Shortly after AT&T announced its purchase of T-Mobile (pending regulatory approval), @pkafka used the transcription of a vocalized interjection as an expressive gesture to contextualize a link to a collection of T-Mobile commercials denigrating AT&T’s network operations and quality (Figure 9). Where the imagistic gestures described earlier were set off by asterisks, indicating their gestural functions, the interjection ‘Hohohoho!’ is a directly transcribed vocal gesture that requires no orthographic qualification. The RT by @ncarr adds another layer of deictic gesture that indicates both connection and approval, both of which have more subtly expressive aspects.
In the case of Figure 10, @joaniepop’s transcriptions of vocal gestures/interjections, accentuated by all caps, repetition and punctuation are given the further expressive elements of profanity and direct allusion to emotion (i.e. ‘feel’). Furthermore, in this case, the hashtag is used as an expression that invites audience identification and solidarity. A popular and often repeated quotation whose original source now seems to be lost in the ether is that ‘Facebook is for people you went to high school with, Twitter is for people you wish you went to high school with’, and @joanipop’s tweet here exemplifies the degree to which different mediated social networks can fulfill very different socio-emotional functions for a particular individual. Such hashtags are expressions that invite but do not necessitate both empathy and social reinforcement: others may reply or follow up such a tweet with their own examples of ‘Stuff I Can’t Say On Facebook’. This may, in fact, be the most common use of hashtags, and is widely popular as a sort of mediated party game. This type of networked play therefore also serves a deictic function as a hashtag’s spread maps a network space of phatic connection.

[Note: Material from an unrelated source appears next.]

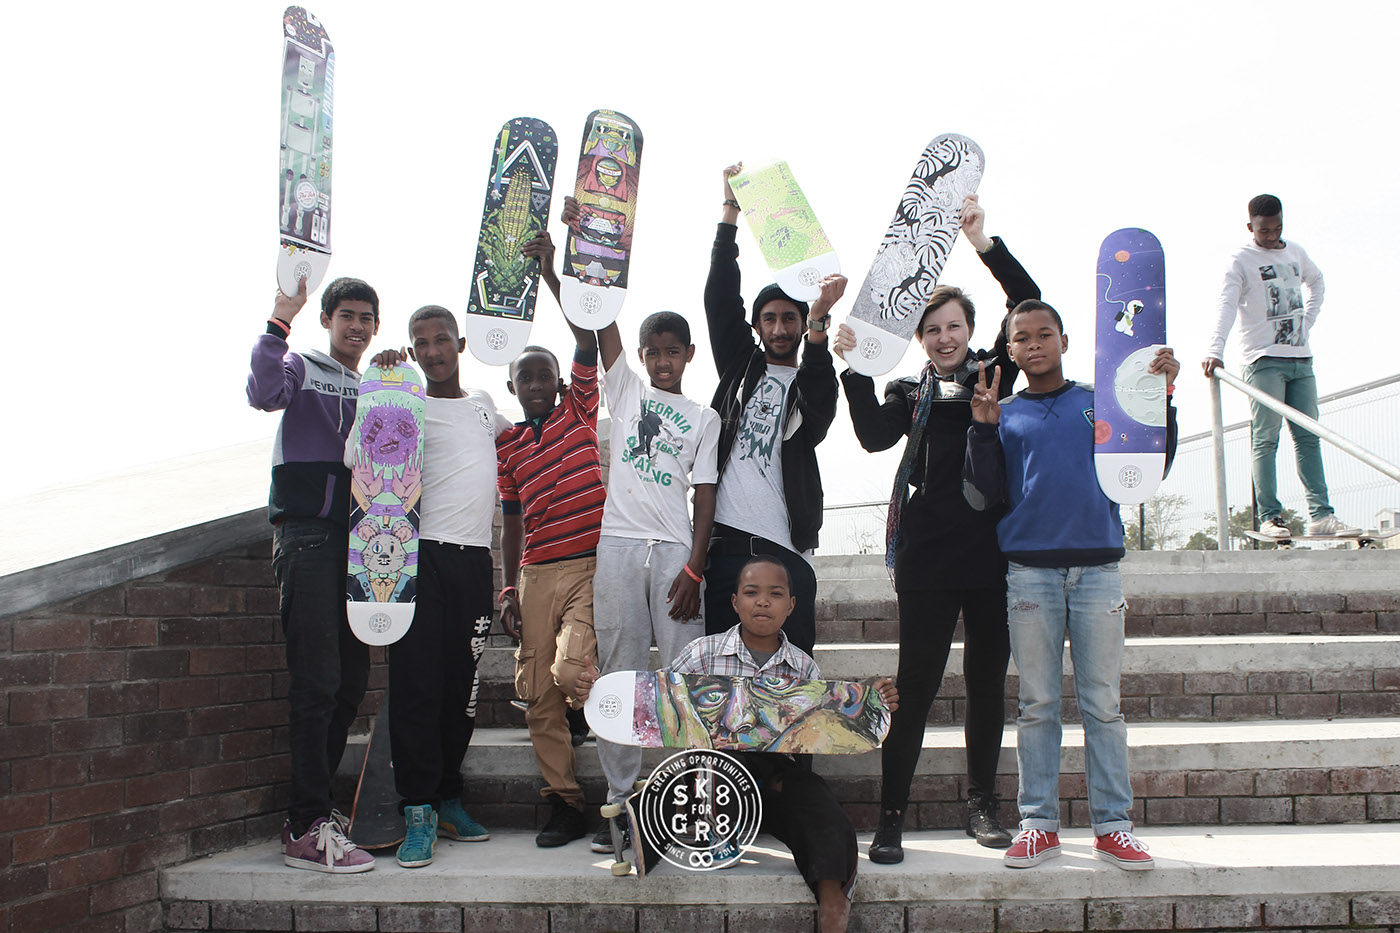 art design social upliftment start-up creative skate skate culture Skate Decks

Expressive gestures in face-to-face communication are so common as to be unremarkable. The only thing that makes them remarkable in mediated communication is that text-based communication, generally, is still held to the idealized cultural standard of conventional printed forms: the novel, the formal letter and so on. Writing is taught in formal contexts and receives the imprimatur of a rational, civilizing behavior that denigrates the emotional except in specific contexts in which rhetorical pathos is appropriate. However, it should not be surprising that conversational text communication should have at least as much in common with conversation as with text, and should therefore easily adopt and adapt emotional, expressive forms of social identification.
Emblem gesture
Emblems are formal, culturally specific, nonverbal expressions, typically of the hands, that tend to be excluded from the formal study of co-speech gesture because they can often be directly translated into verbal equivalents and therefore function more like formal linguistic symbols than paralinguistic signs. People always know when they have performed a nonverbal emblem and often do so in an attempt to control the behavior of others. Examples in include ‘shush’, ‘thumbs-up’, ‘okay’, ‘and a host of other hand movements, many of which have unprintable meanings’ (Goldin-Meadow, 2003: 5). Mediated textual emblems include LOLs, acronyms, some emoticons and ASCII art, as well as iconic hashtags and expressions such as ‘#FAIL’.

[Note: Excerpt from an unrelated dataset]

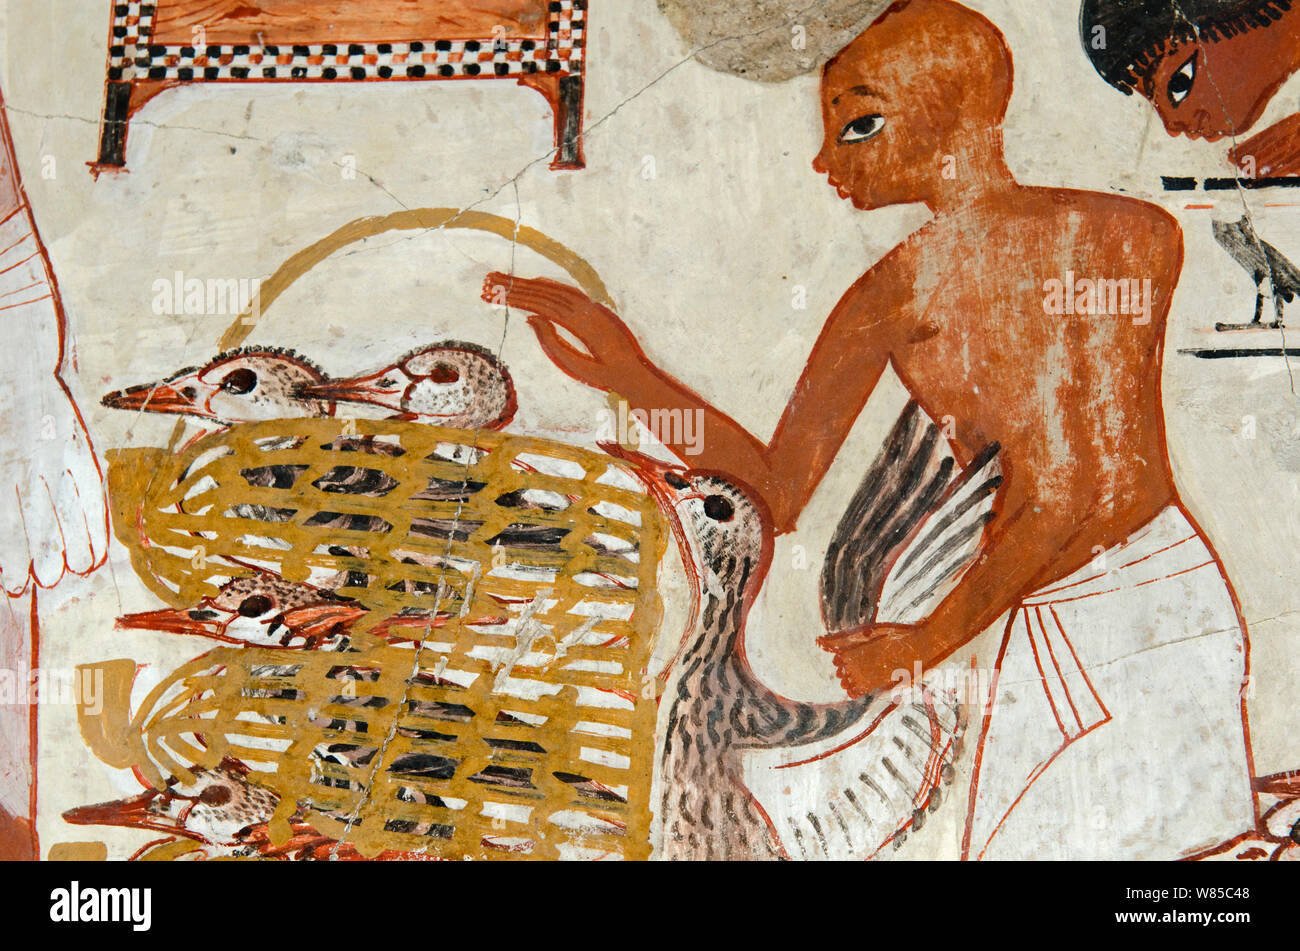 Peinture de la tombe de mur Nebamun, Thèbes, Égypte. L'inspection des troupes de Nebamun montrant des oies et des troupeaux de bétail. À partir de la fin du xviiie dynastie, autour de 1350 BC. Banque D'Images

The #FAIL hashtag typically indicates an attribution of incompetence and/or an expression of disappointment. It is often used in a way similar to a ‘thumbs down’ gesture or, if directed with an @, a middle finger, and is similarly designed to influence or control (in this case corporate) behavior. If a physical nonverbal emblem is a physical expression that can be translated directly into a verbal equivalent, Ian Wilson’s #YouHaveGotToBeJoking hashtag (in Figure 11), constitutes a verbal expression translated into an iconic form.
In the example in Figure 12, we see a combination of expressive interjections, punctuation and textual iconic forms along with a variety of deictic gestural forms situating the informational content in the socio-emotional context of @jessedarling and her assumed or directed audience. The iconic, emblematic gesture combining ‘WTF’ and W00t’ 6 expresses a mixture of confusion and excitement nearly as concisely as a facial expression and body posture might in a face-to-face interaction.
Rhythmic gesture
Motions that explicitly ‘mark out, punctuate or…make reference to the structural aspects of discourse, either in respect to its phrasal organization or its logical structure’ are classified as rhythmic gestures (Kendon, 2004). A common rhythmic rhetorical gesture is to mark out prosody or points of emphasis with the index finger or fist (a common gesture in political oration, for example). On Twitter, to take but one example, ASCII art and punctuation often perform similar rhythmic, structural functions for the purposes of emphasis and emotional expression.
In Figure 13, Vitorino Ramos uses punctuation to mimic the rhythms of speech and convey physical and emotional (social) discomfort.
In the example in Figure 14, @HAL9000_ uses rhythmic and expressive gestures for comedic effect. In Figure 15, Jenny Ryan’s punctuation is designed to express determination, while being qualified with a lack of capital letters that undercuts her purposeful declaration. The interjection following an ellipsis further qualifies her expression of determination, and the final emoticon (indicating a ‘raised eyebrow’) can be interpreted as conveying either surprise at the goal itself or as a reflexive questioning of her ability to meet the declared challenge.
Obviously, as with physical gestures in face-to-face contexts, these gestural categories are contextually dependent and often overlap. The expressive gestures in Jenny Ryan’s tweet, for example, mutually accentuate the rhythmic gestures. A single tweet can contain all of the gestural forms discussed here and can in fact be completely gestural, carrying emotional content but little or no explicit semantic content (see Figure 16).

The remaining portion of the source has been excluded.